LINDA BUSTEED sits nervously as two electrodes wrapped in large, wet sponges are strapped to her head. One electrode grazes the hairline above her left eye while the other sits squarely on her right eyebrow. Wires snake over her head to a small power pack fuelled by a 9-volt battery. Busteed drums her fingers on the table as she anticipates the moment when an electric current will start flowing through her brain.

It sounds like quackery, but it's not. A growing body of evidence suggests that passing a small electric current through your head can have a profound effect on the way your brain works. Called transcranial direct current stimulation (tDCS), the technique has already been shown to boost verbal and motor skills and to improve learning and memory in healthy people - making fully-functioning brains work even better. It is also showing promise as a therapy to cure migraine and speed recovery after a stroke, and may extract more from the withering brains of people with dementia. Some researchers think the technique will eventually yield a commercial device that healthy people could use to boost their brain function at the flick of a switch.

“You could use this to boost your brainpower at the flick of a switch”

Busteed isn't here to test commercial devices, however. The 64-year-old suffers from the degenerative brain disease frontotemporal dementia, which leads to language loss, personality changes and mood swings. There is no treatment.

Busteed is one of 20 patients in a phase II clinical trial led by Eric Wassermann, head of the brain stimulation unit at the US National Institute of Neurological Disorders and Stroke (NINDS) in Bethesda, Maryland. He wants to know whether a 40-minute burst of direct current directed at her left frontal lobe can improve her ability to generate lists of words, a hallmark deficit of her disease. Wassermann's study is double-blind, so he won't know whether Busteed is receiving current or not. Busteed probably won't know either - tDCS is silent and elicits barely a tingle. If she is getting the real thing, Wassermann hopes that the current will "squeeze more out of the sick neurons", enabling Busteed to perform better.

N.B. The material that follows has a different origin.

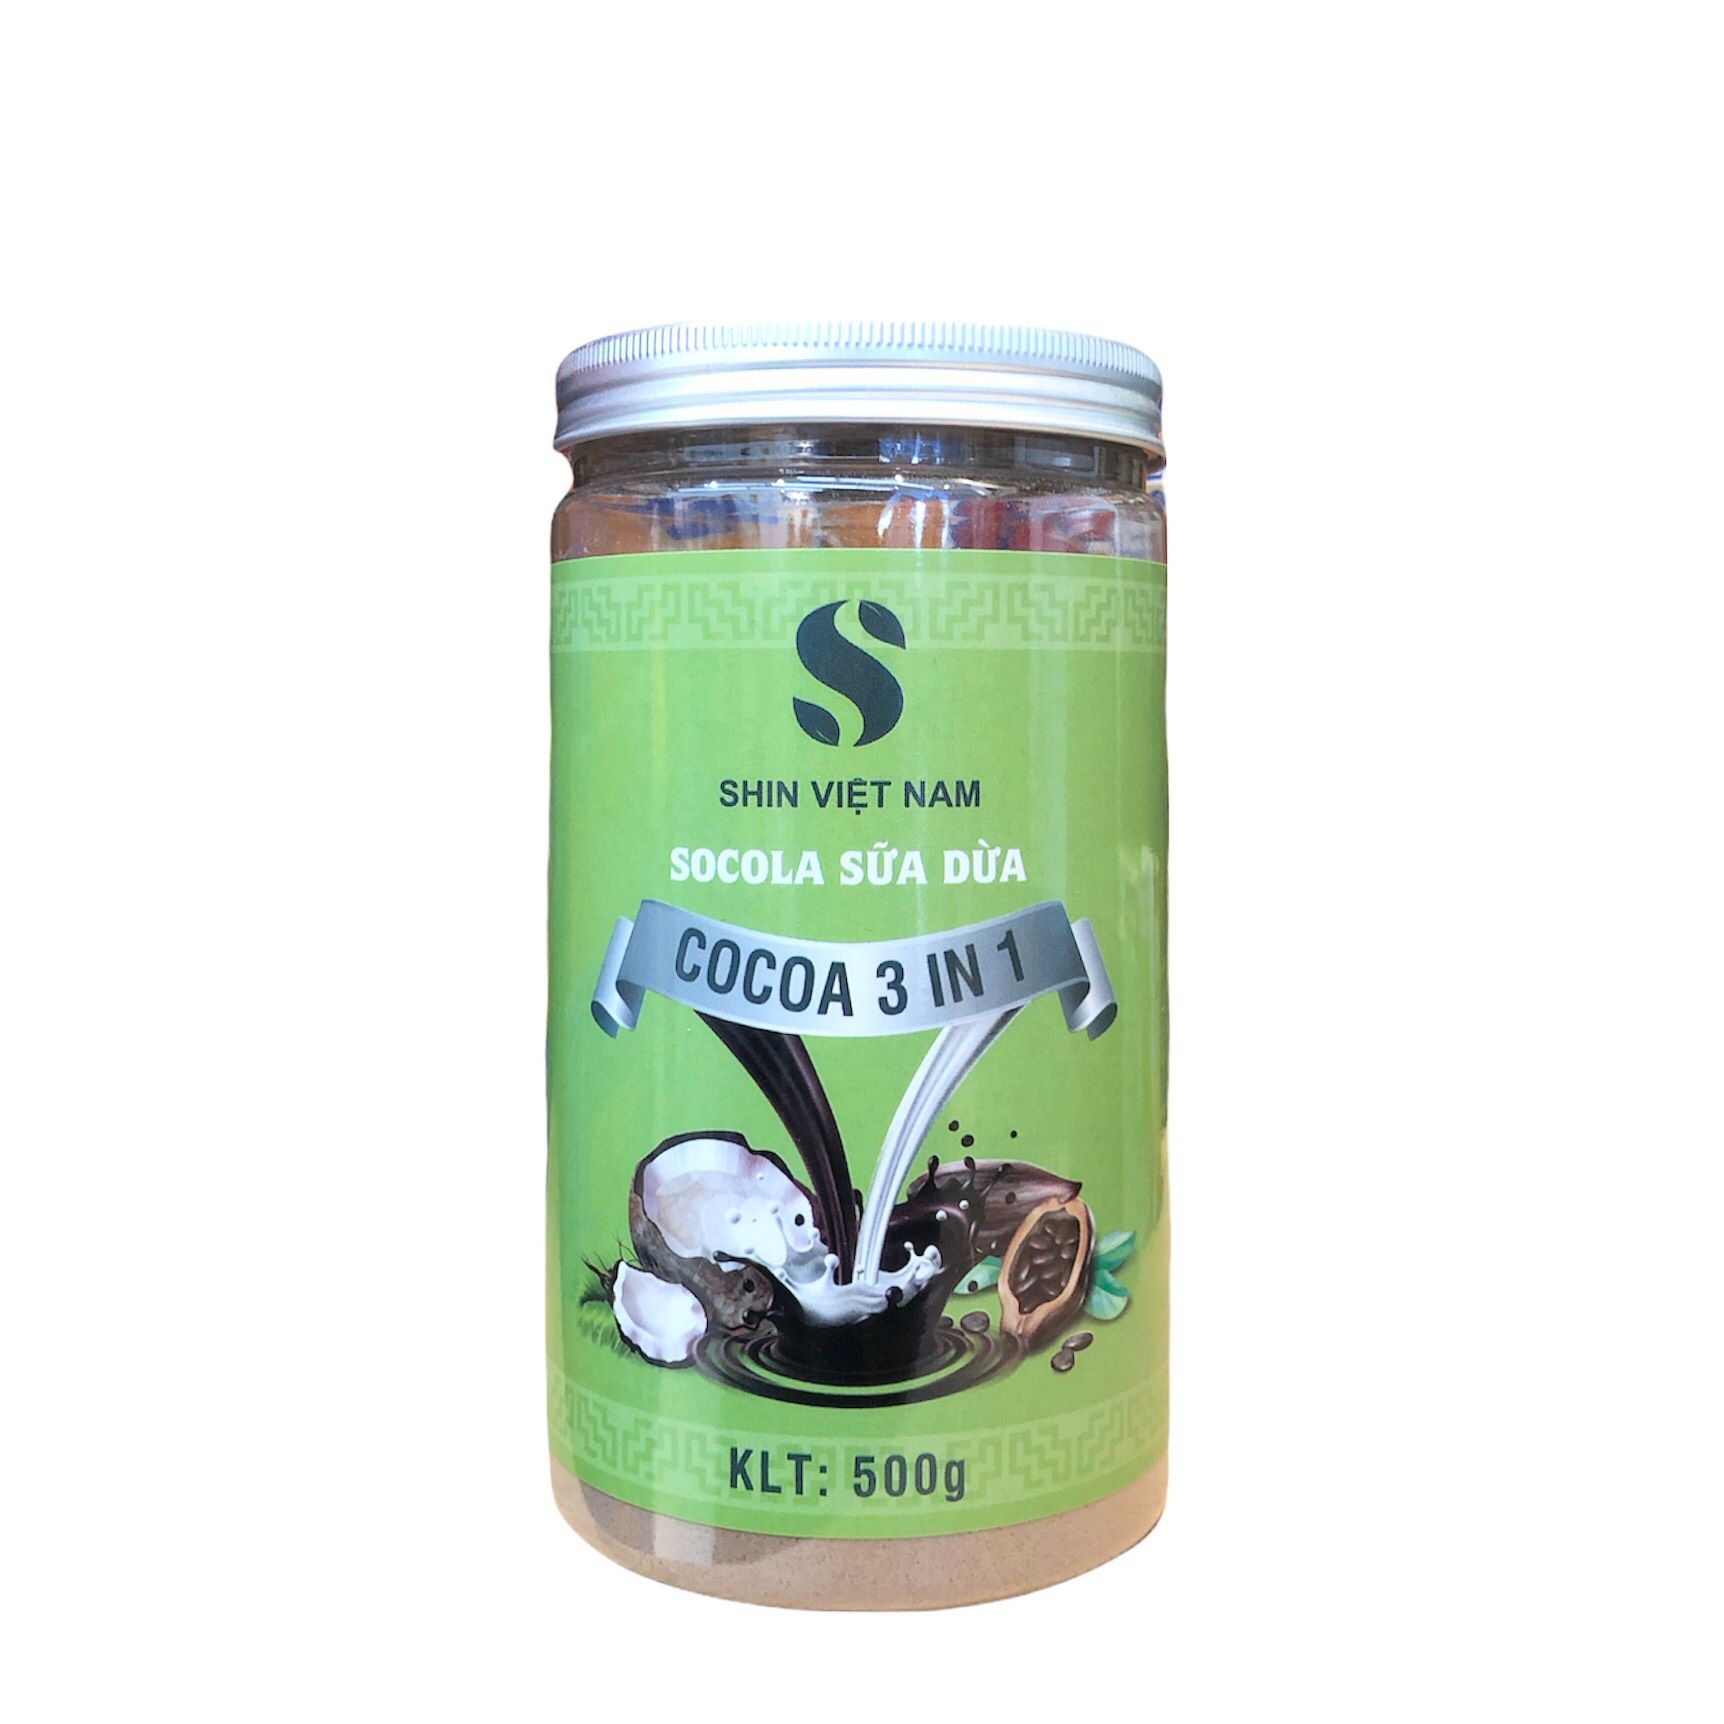  Bột Cacao SHIN Việt Nam socola sữa dừa 500g

If the trial proves successful, Wassermann would like to develop a brain stimulation device that patients can take home and use whenever they want. He envisages a gizmo about the size of an MP3 player, perhaps incorporated into a hat. "Turn it on and you feel better," he says. "Turn it off and you're back where you started." It sounds too simple to be feasible, but studies from around the world suggest that Wassermann has a good chance of success. "All the scientific literature points in the same direction," says neurologist Leonardo Cohen, chief of the stroke and neurorehabilitation clinic at NINDS. "There must be something to it."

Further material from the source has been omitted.